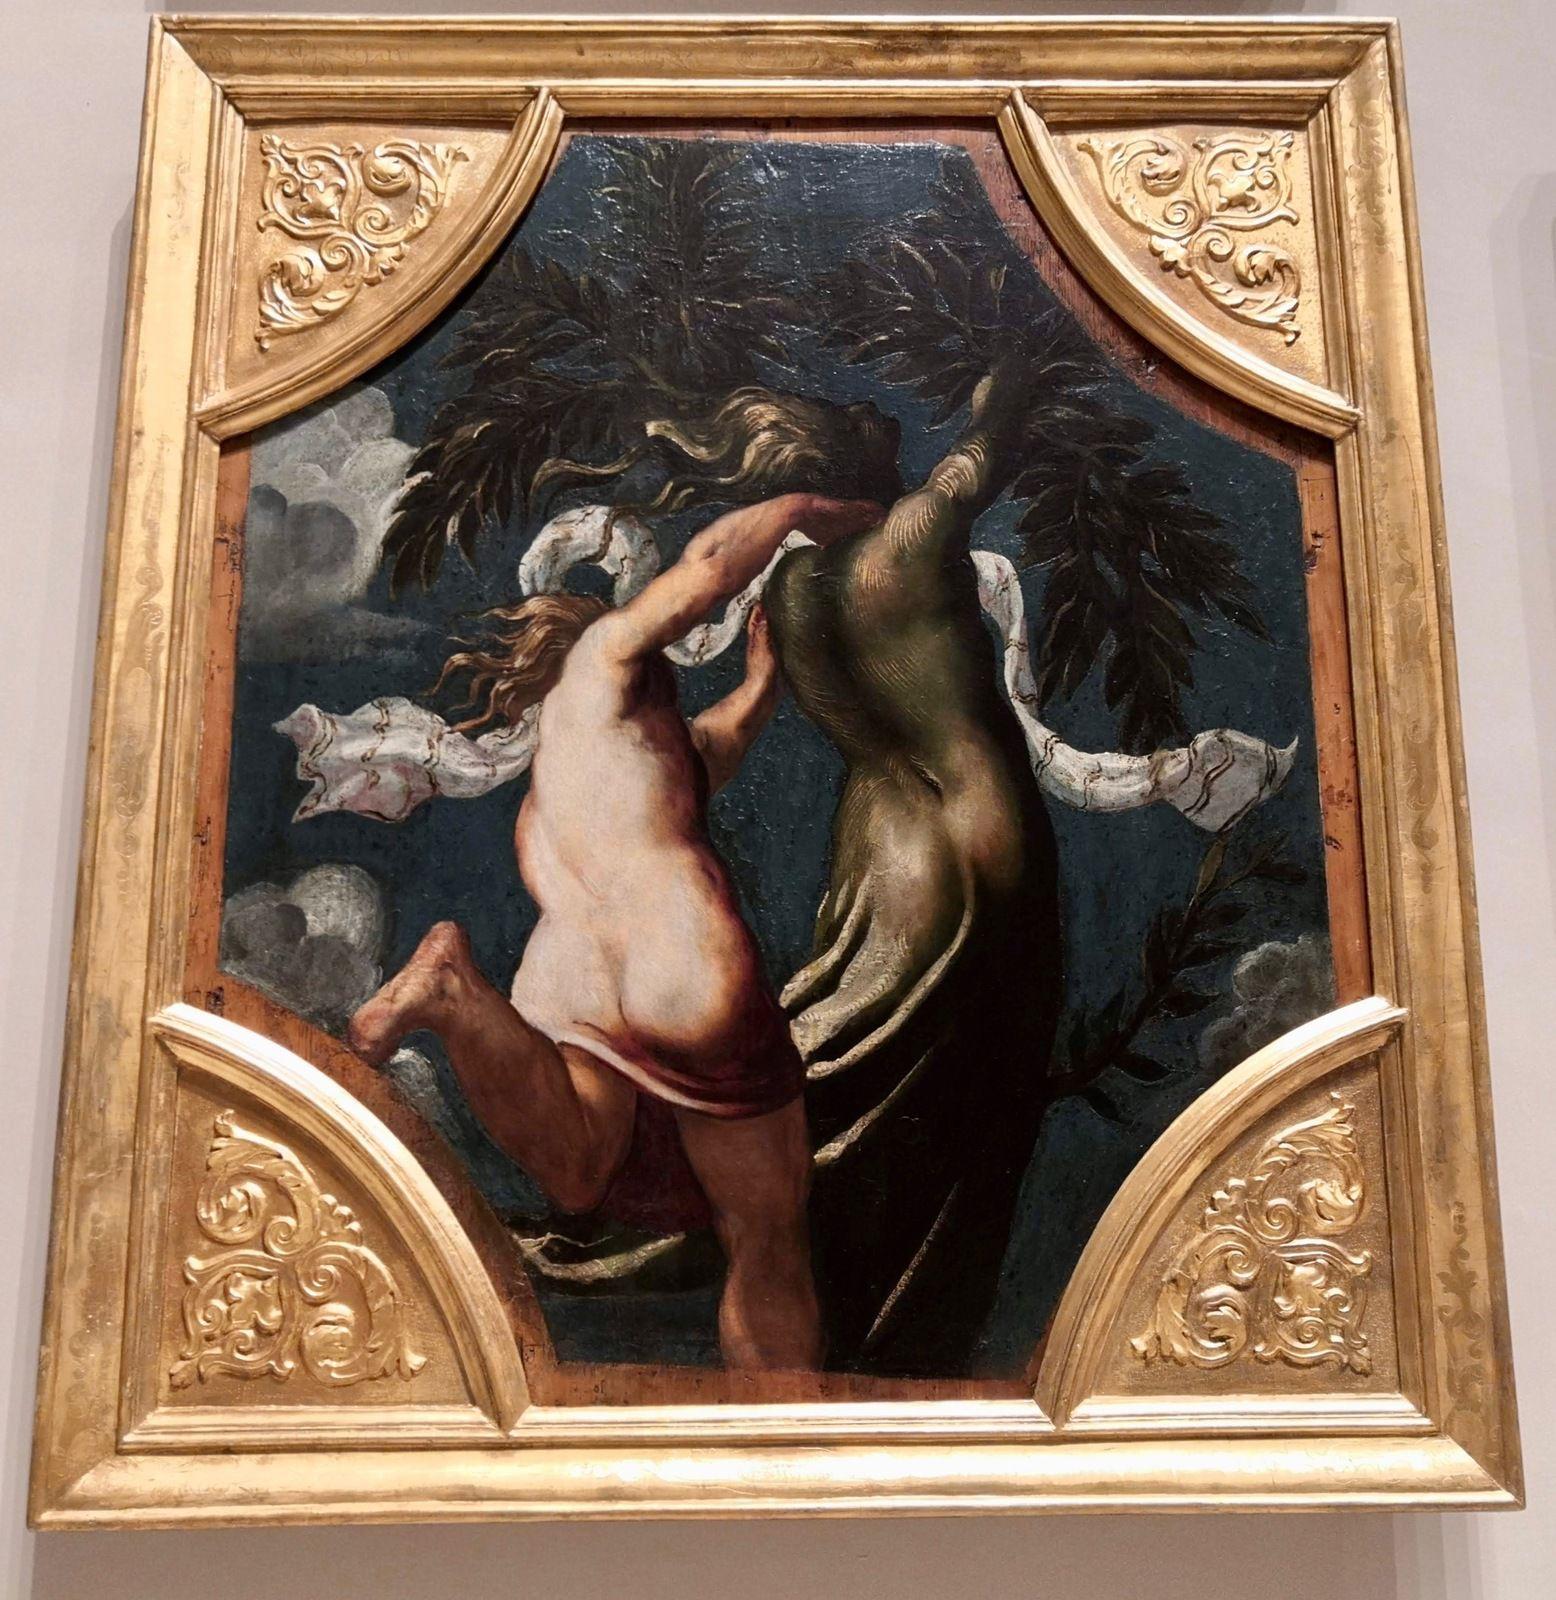 Tintoretto (Jacopo Robusti), la corsa d'Ippomene, la dea Latona trasforma, Appolo e Dafne, Il giudizio di Mida, Piramo e Tisbe
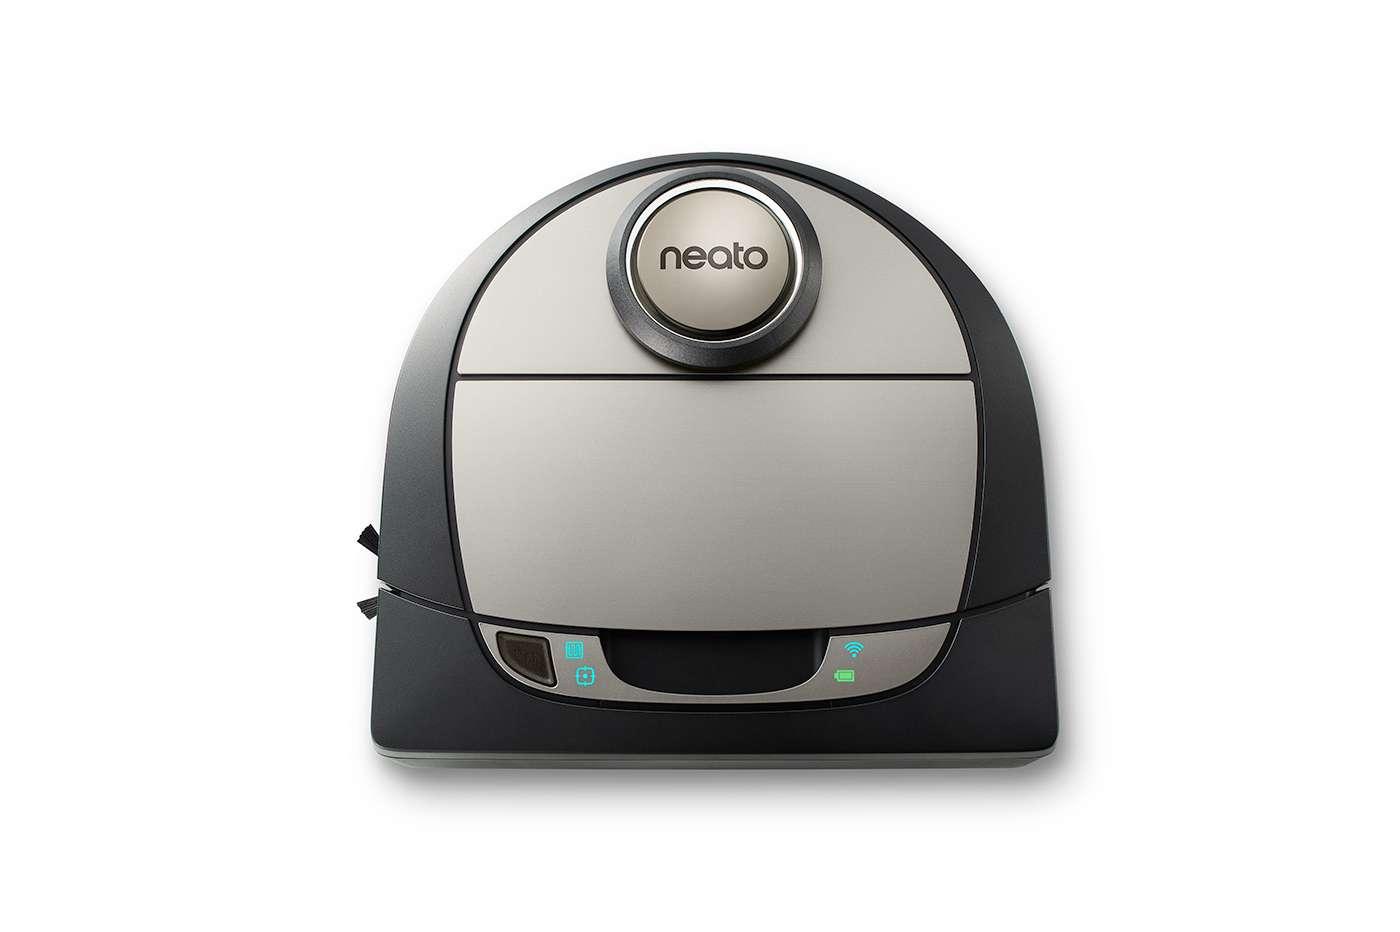 Profitez d'une réduction exceptionnelle sur l'aspirateur robot Neato D750 © Amazon
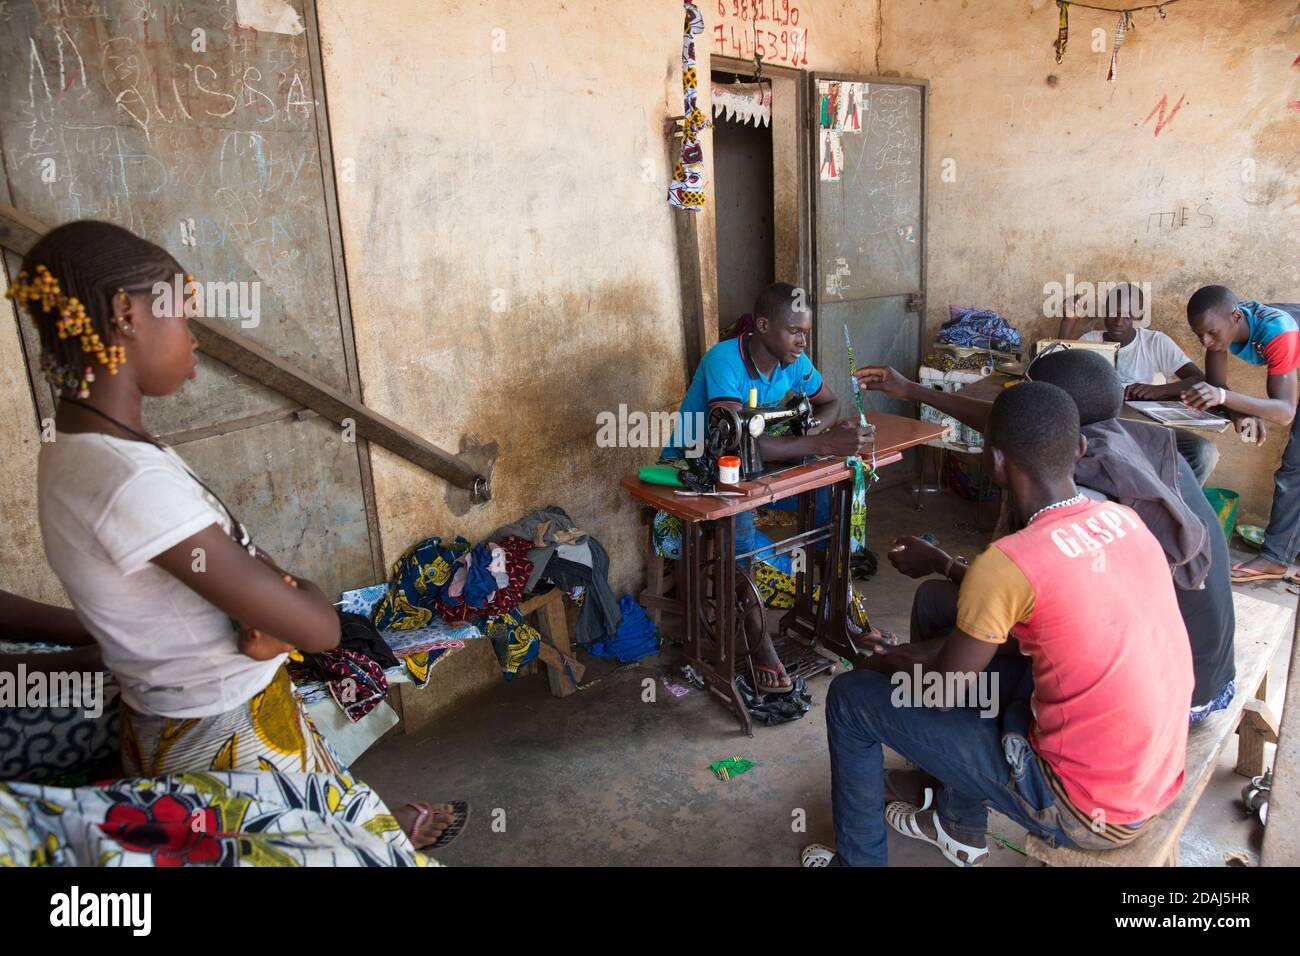 Selingue, Mali, 25 avril 2015; Mousa Samgare, 18 ans, tailleur, possède également une parcelle de terres irriguées. Chaque matin, il travaille sur le terrain de 12 h à 18 h, puis il vient dans sa boutique et y travaille jusqu'à 18 h. Banque D'Images
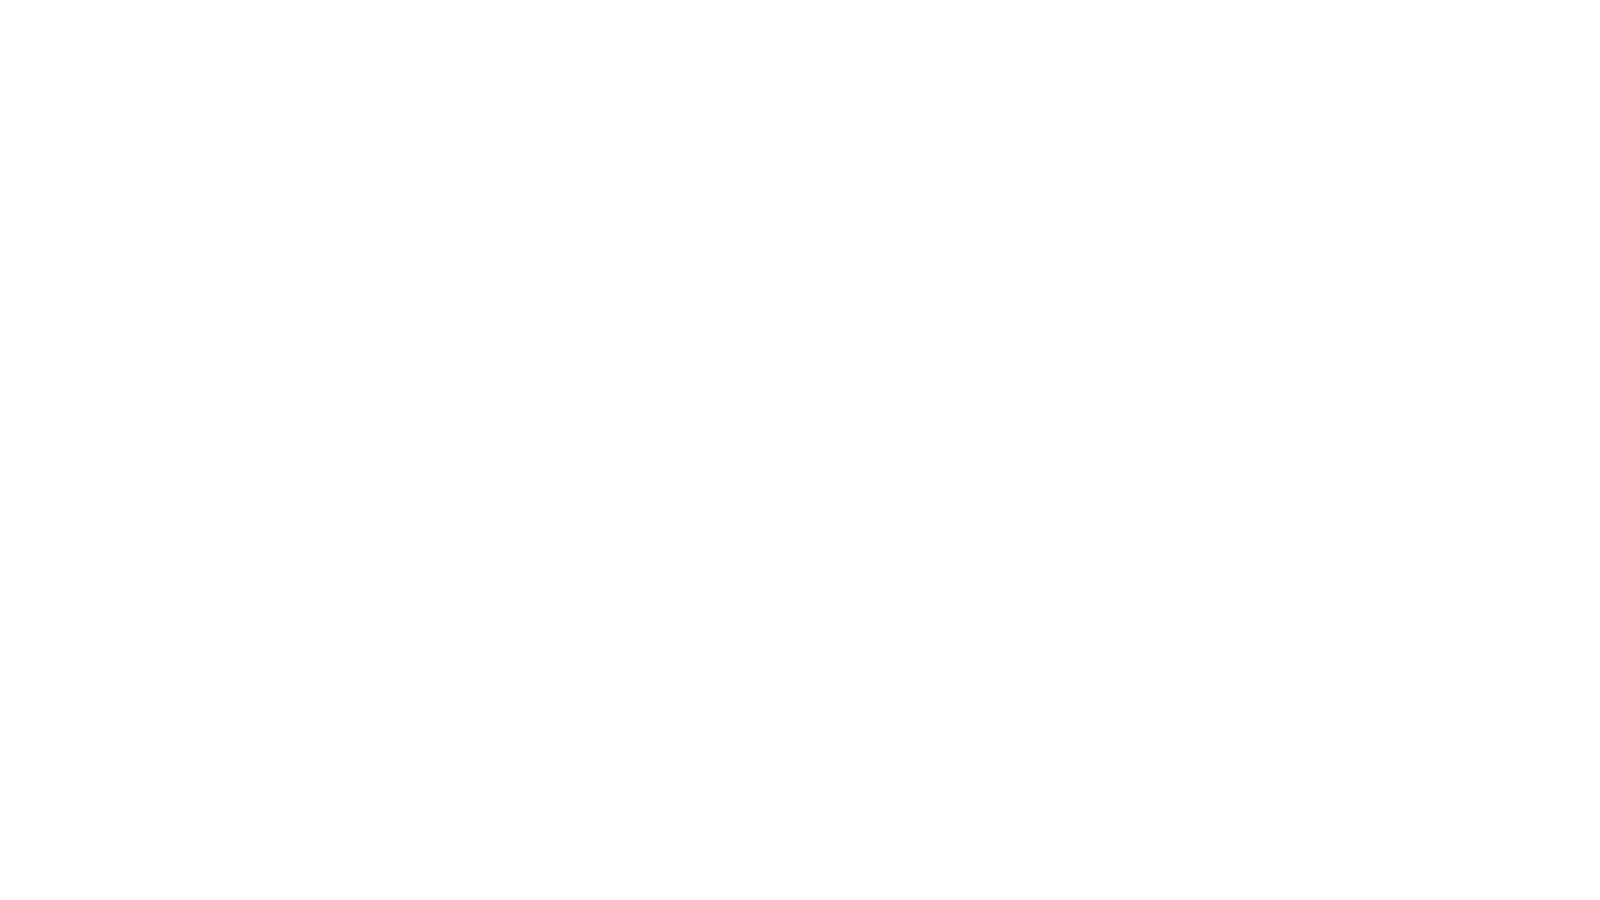 En este breve vídeo cuento mi experiencia tras un mes de uso con el Asus Zenfone 7 Pro, el hermano del Asus Rog Phone 3 con el que comparte muchas similitudes. Link al teléfono: https://amzn.to/3ln93Jc Equipo con el que se ha editado este vídeo: ► Procesador Ryzen 5 3600: https://amzn.to/2XNxzKY ► Tarjeta gráfica: https://amzn.to/2TeYdcD ► Memoria RAM 32GB DDR4 3200MHz: https://amzn.to/3h7Iw1D ► Placa base: https://amzn.to/3dP90nc ► Disco duro SSD 240GB: https://amzn.to/3dQAloi ► Disco duro HDD 1TB: https://amzn.to/30q1bzG ► Caja: https://amzn.to/37smKDe ► Fuente de alimentación: https://amzn.to/3kk5hk5 ► Music Credit: - Karl Casey @White Bat Audio - Track: Inception www.youtube.com/watch?v=_L-rn7j3N6Y&ab_channel=WhiteBatAudioWhiteBatAudio

§ **WHAT THE TASK ASKS**:
Give back, unaltered, each line of the listing from the first to the line that contains "Selingue, Mali, 25", leaving every picture out.

§ **RESULT**:
 Tintoretto (Jacopo Robusti), la corsa d'Ippomene, la dea Latona trasforma, Appolo e Dafne, Il giudizio di Mida, Piramo e Tisbe
 Profitez d'une réduction exceptionnelle sur l'aspirateur robot Neato D750 © Amazon
 Selingue, Mali, 25 avril 2015; Mousa Samgare, 18 ans, tailleur, possède également une parcelle de terres irriguées. Chaque matin, il travaille sur le terrain de 12 h à 18 h, puis il vient dans sa boutique et y travaille jusqu'à 18 h. Banque D'Images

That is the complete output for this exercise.